Путешественник размышлял: решительно вмешиваться в дела посторонних всегда связано с риском. Он не был ни жителем этого поселения; ни гражданином государства, которому оно принадлежало. Если бы он захотел осудить эту казнь или даже препятствовать ей, ему могли сказать: «Ты здесь чужой, веди себя смирно!» На это он бы ничего не смог возразить, пожалуй, только заметить, что не понимает сам себя в данной ситуации, ибо путешествует лишь с тем, чтобы смотреть и ни в коем случае не для того, чтобы менять судоустройство у других. Однако тут ситуация была, надо сказать, весьма заманчивой. Несправедливость всего этого дела и бесчеловечность казни были налицо. Никто не мог упрекнуть путешественника в каком-нибудь своекорыстии, потому как осужденный был ему незнаком, он не был его соотечественником, да и вообще человеком, который вызывал собой чувство жалости. Сам путешественник прибыл сюда с рекомендациями высоких инстанций, был встречен с большой учтивостью, и то, что его пригласили на эту казнь, кажется, даже говорило о том, что от него ждали его мнения по поводу этого суда.
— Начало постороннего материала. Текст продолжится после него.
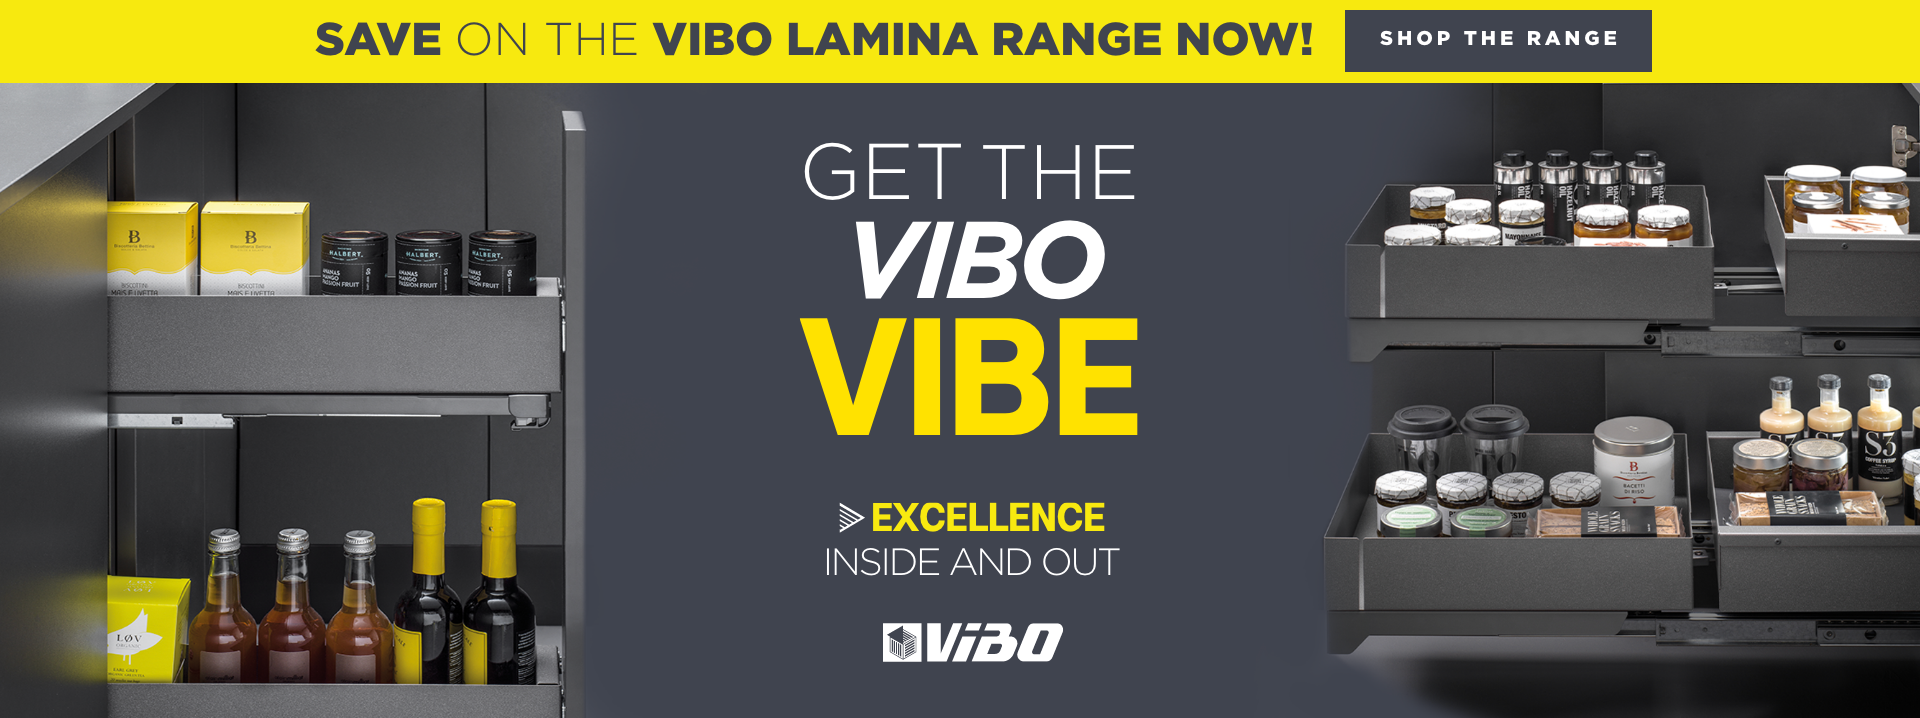 VIBO - EXCELLENCE INSIDE AND OUT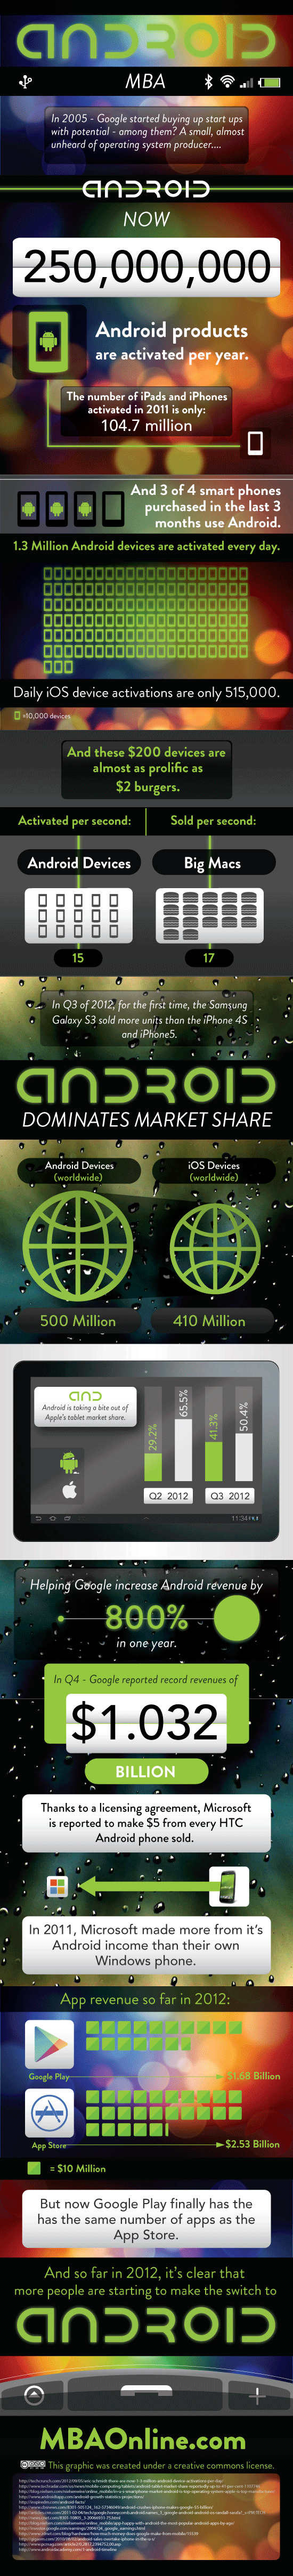 Android versus Apple iOS infographic 2012 market share compared

Это было тем более очевидным, что нынешний комендант, как путешественник уже не раз мог сегодня слышать, не являлся приверженцем действующего судебного производства и почти не скрывал своей враждебности по отношению к офицеру. Вдруг путешественник услышал гневный крик офицера. Тот только что, не без труда, затолкал в рот осужденному болванку-кляп, как осужденный в безудержном порыве рвоты закрыл глаза и его выворотило наизнанку. Офицер поспешно сдернул его голову с болванки и хотел повернуть ее к яме, но было слишком поздно, рвотная масса уже стекала по машине.
— Это все вина коменданта! – вскричал офицер и стал в беспамятстве дергать медные стержни спереди. – Мне тут гадят, как в хлеву.
Дрожащей рукой он показал путешественнику, что случилось.
— Разве я не пытался часами втолковать коменданту, что за день до казни нельзя больше давать осужденному никакой пищи! Но новый добрый ветерок, знай, дует по-своему. Эти комендантские барышни, перед тем как человека уведут, пичкают его сладости дальше некуда. Все свою жизнь он питался вонючей рыбой, а сейчас жрет сладости! Хорошо, пусть будет даже так, я бы ничего не говорил, но почему мне не дадут новый войлок, о котором я прошу коменданта уже три месяца. Как можно без отвращения брать в рот этот кляп, который уже обсосало и искусало перед смертью больше сотни человек?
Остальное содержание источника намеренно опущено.